All of the records that follow need to be copied word for word, without the pictures.

*** TASK MATERIAL ***

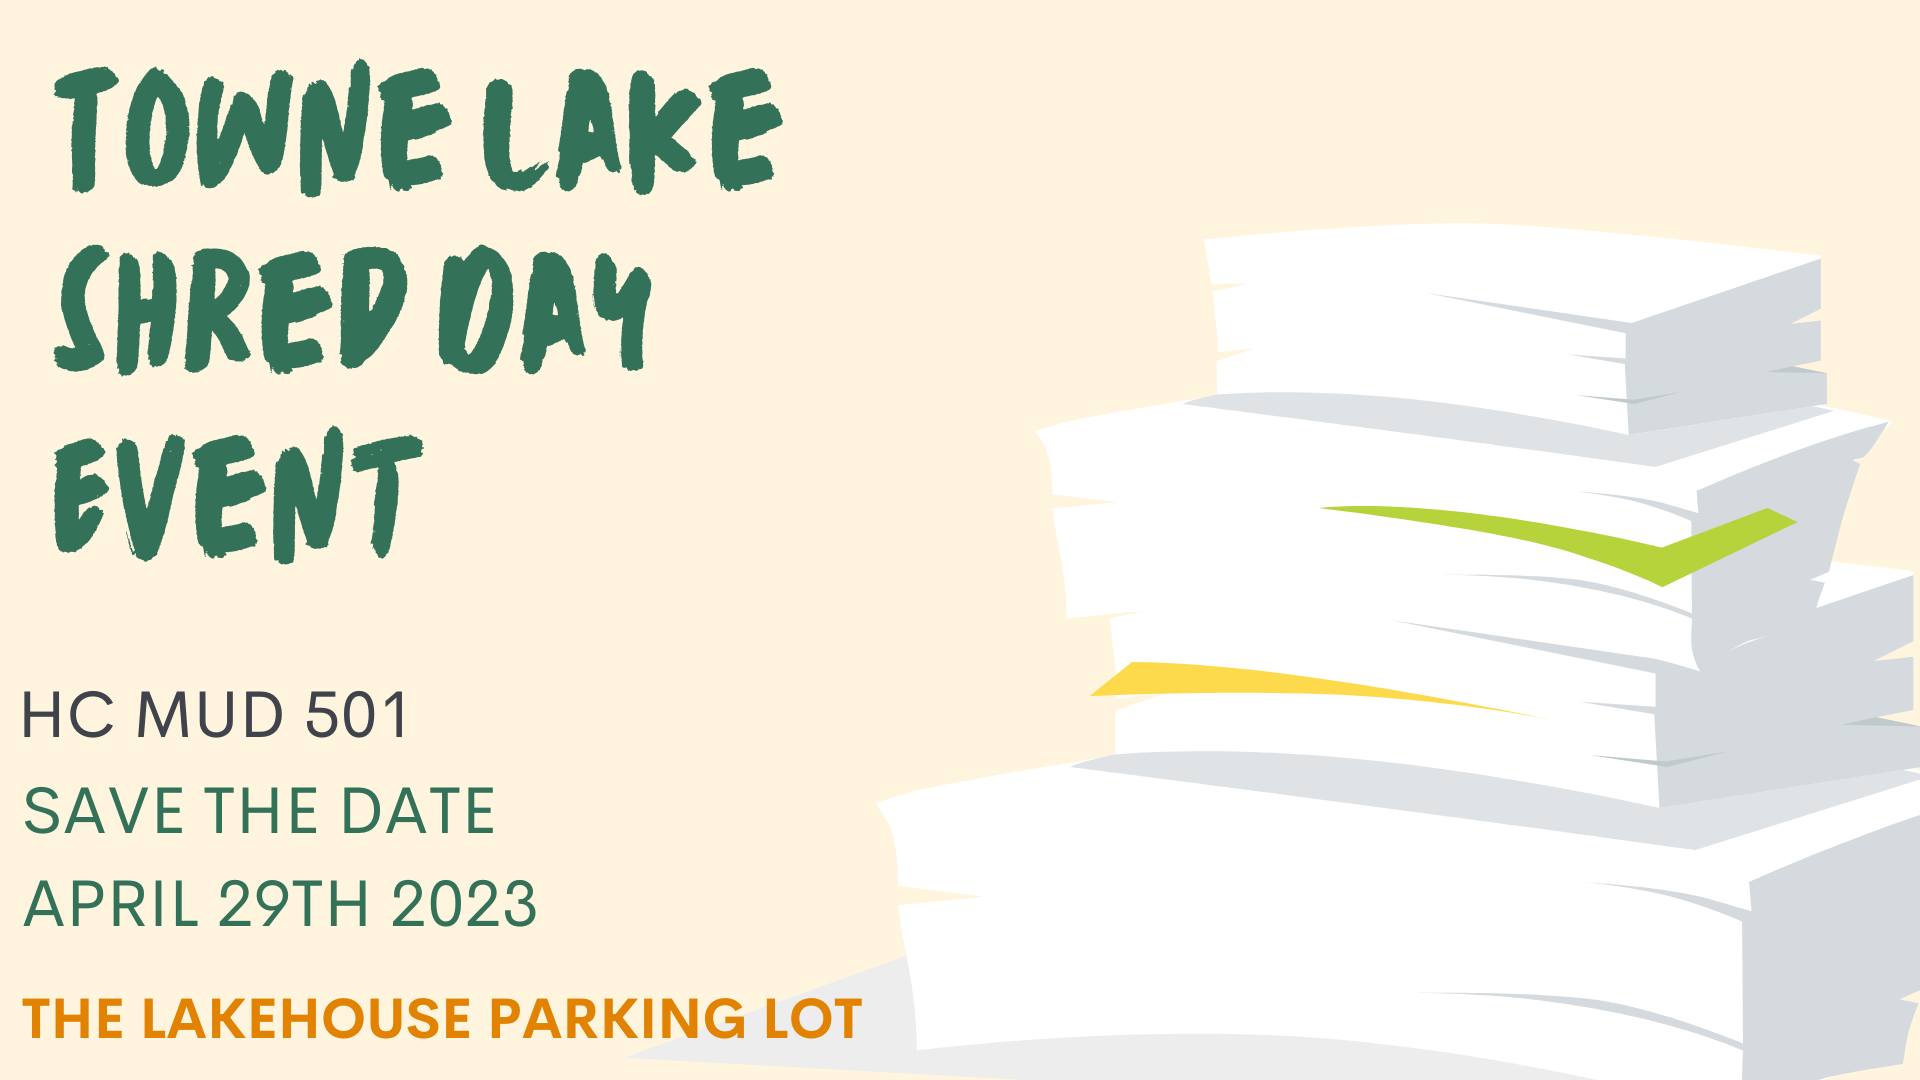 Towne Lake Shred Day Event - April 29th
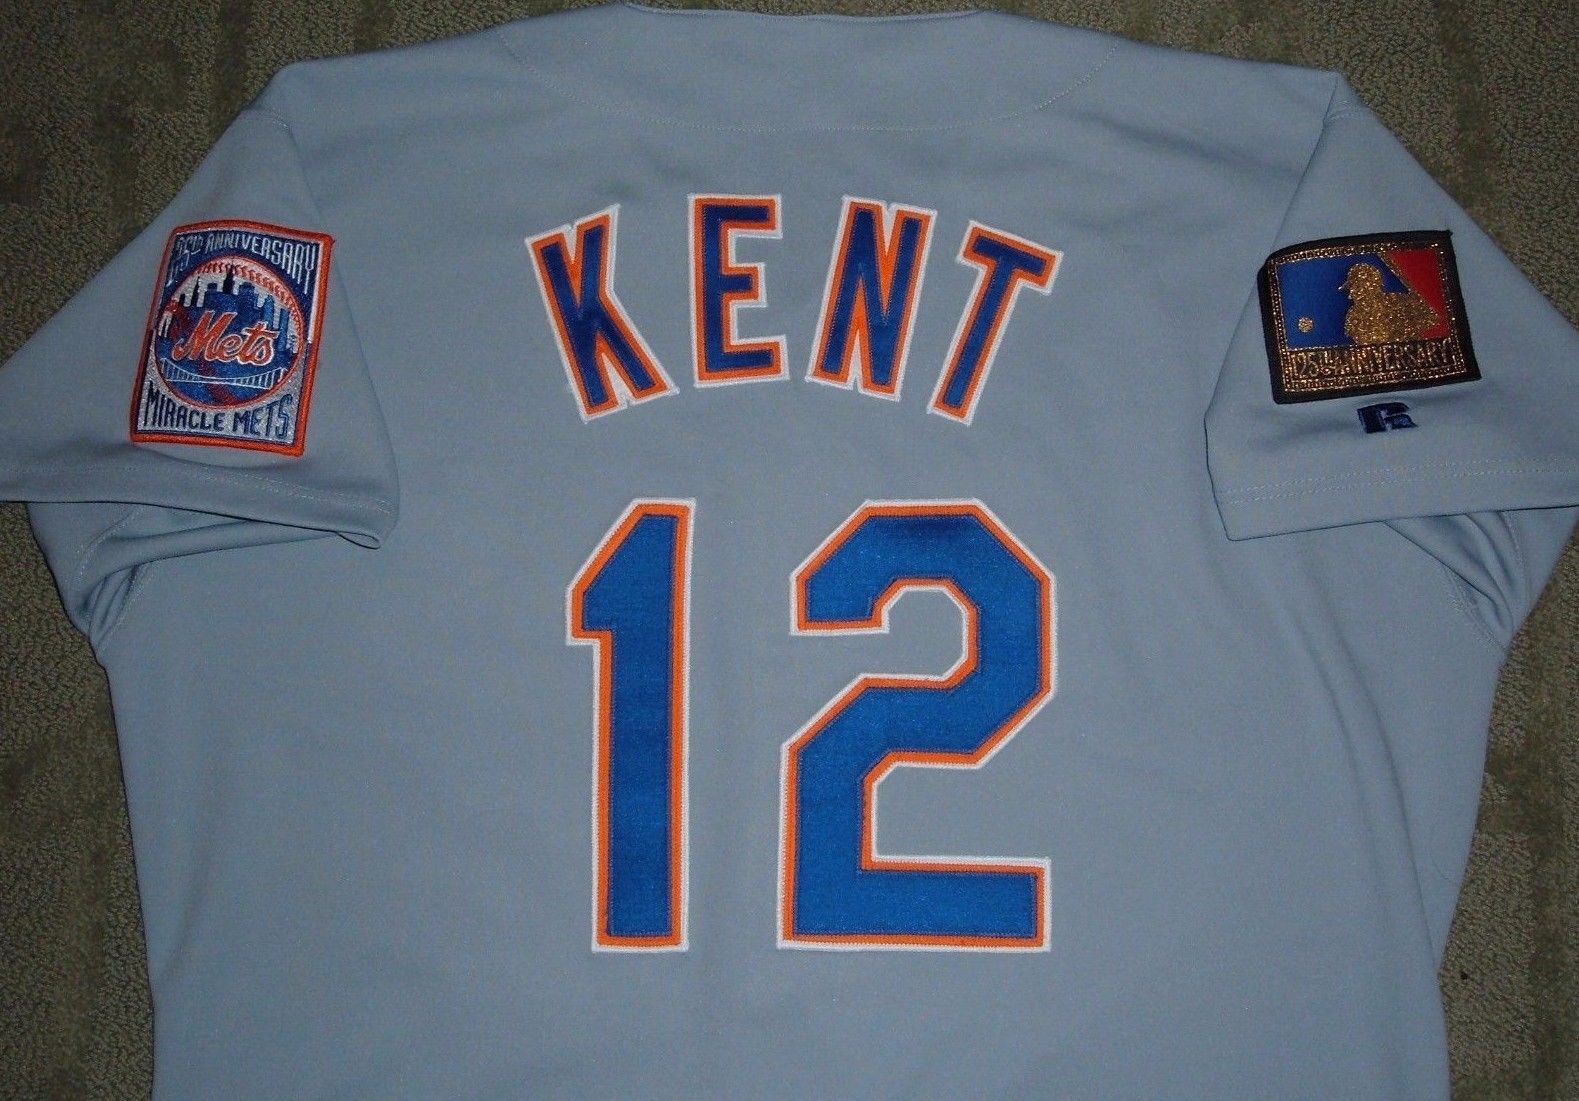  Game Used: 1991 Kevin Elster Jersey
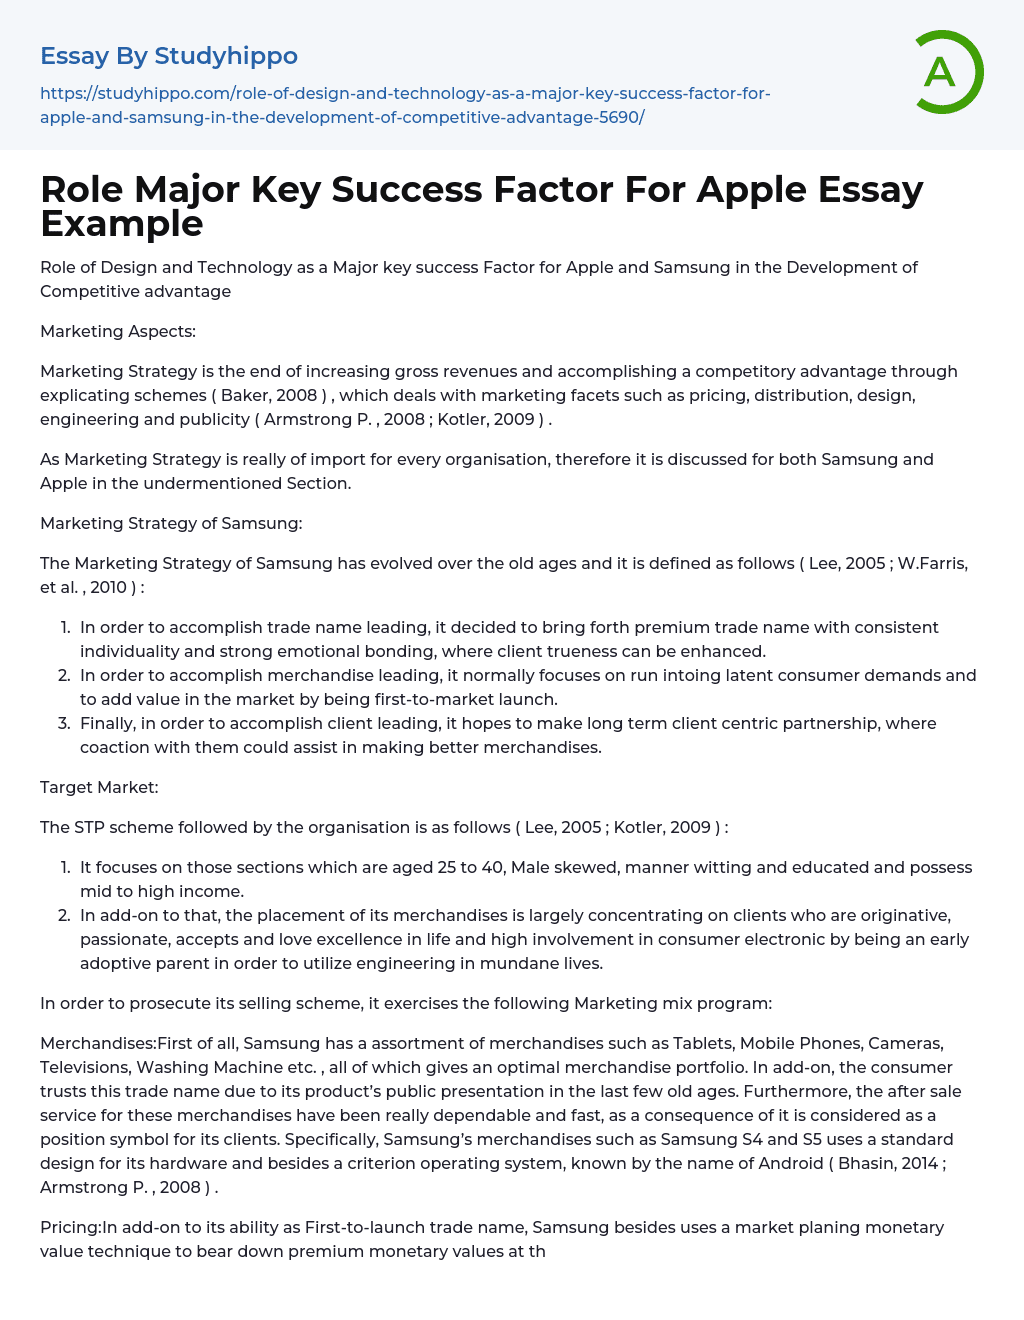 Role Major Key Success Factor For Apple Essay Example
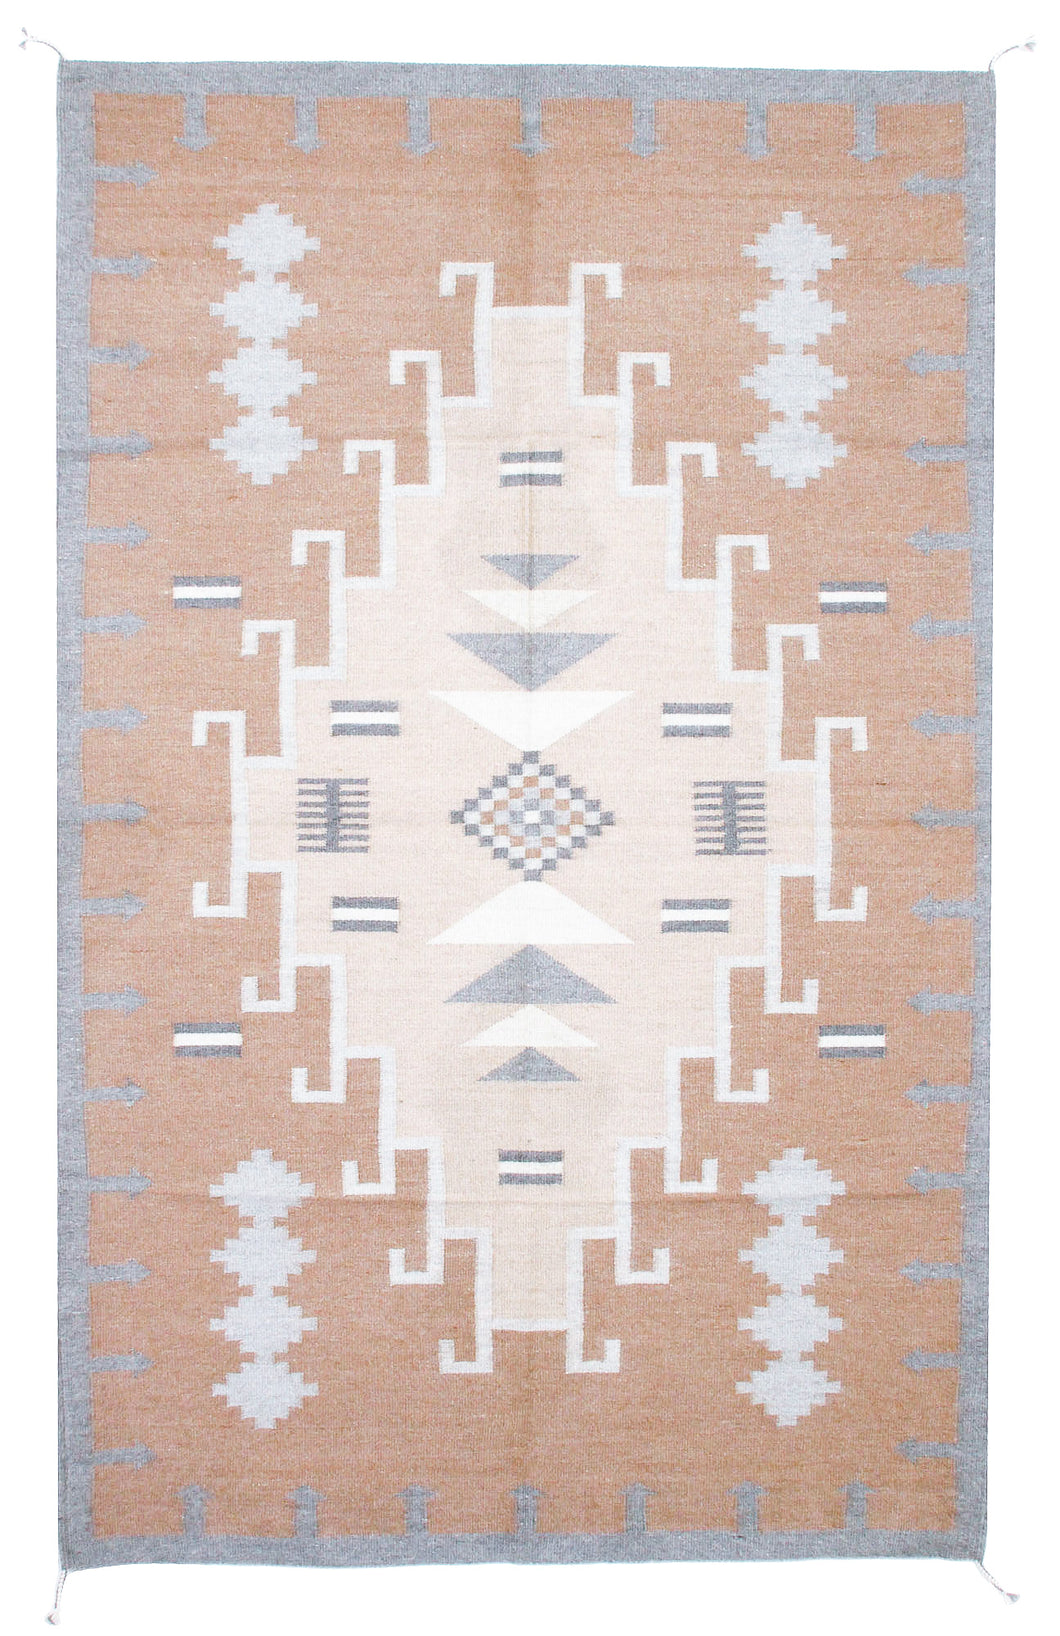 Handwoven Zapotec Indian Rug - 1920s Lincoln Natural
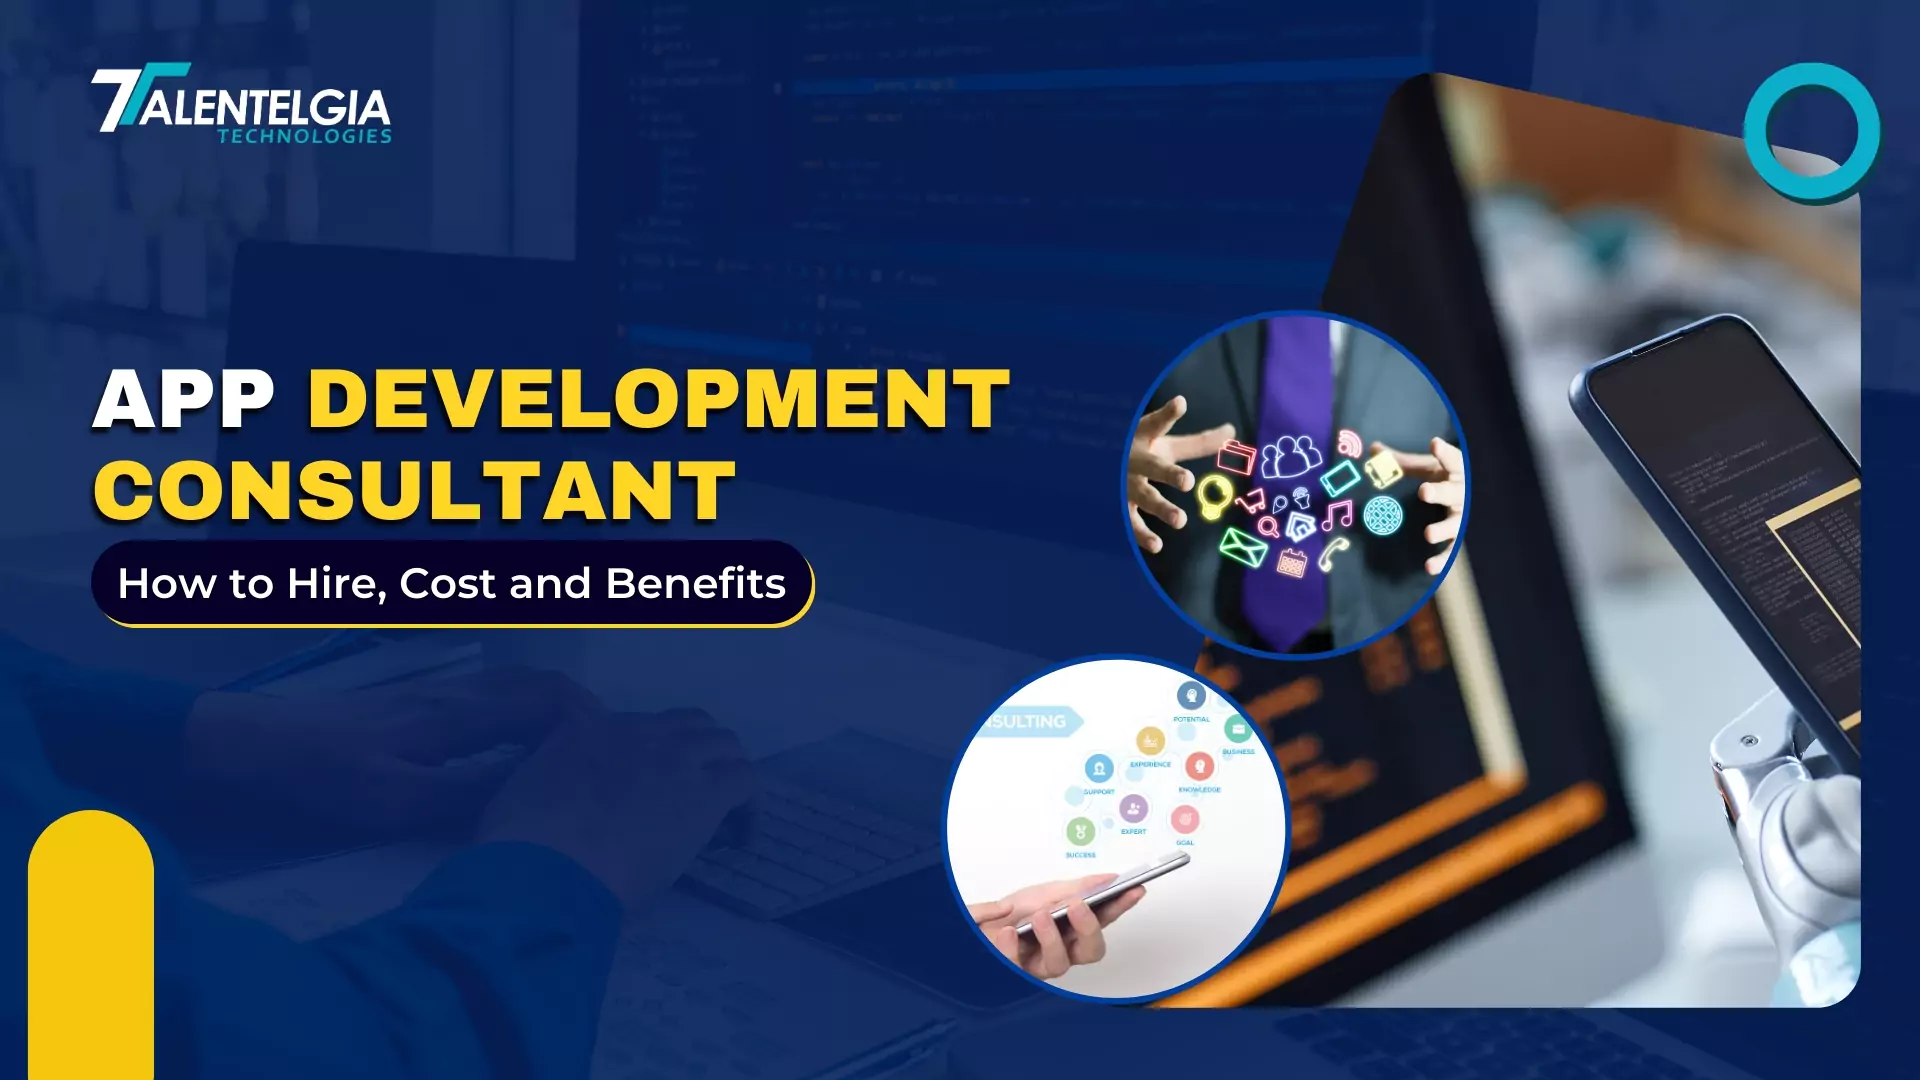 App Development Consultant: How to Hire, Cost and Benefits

*** End of TASK MATERIAL ***

OUTPUT BELOW:
 Towne Lake Shred Day Event - April 29th
  Game Used: 1991 Kevin Elster Jersey
 Role Major Key Success Factor For Apple Essay Example
 Handwoven Zapotec Indian Rug - 1920s Lincoln Natural
 App Development Consultant: How to Hire, Cost and Benefits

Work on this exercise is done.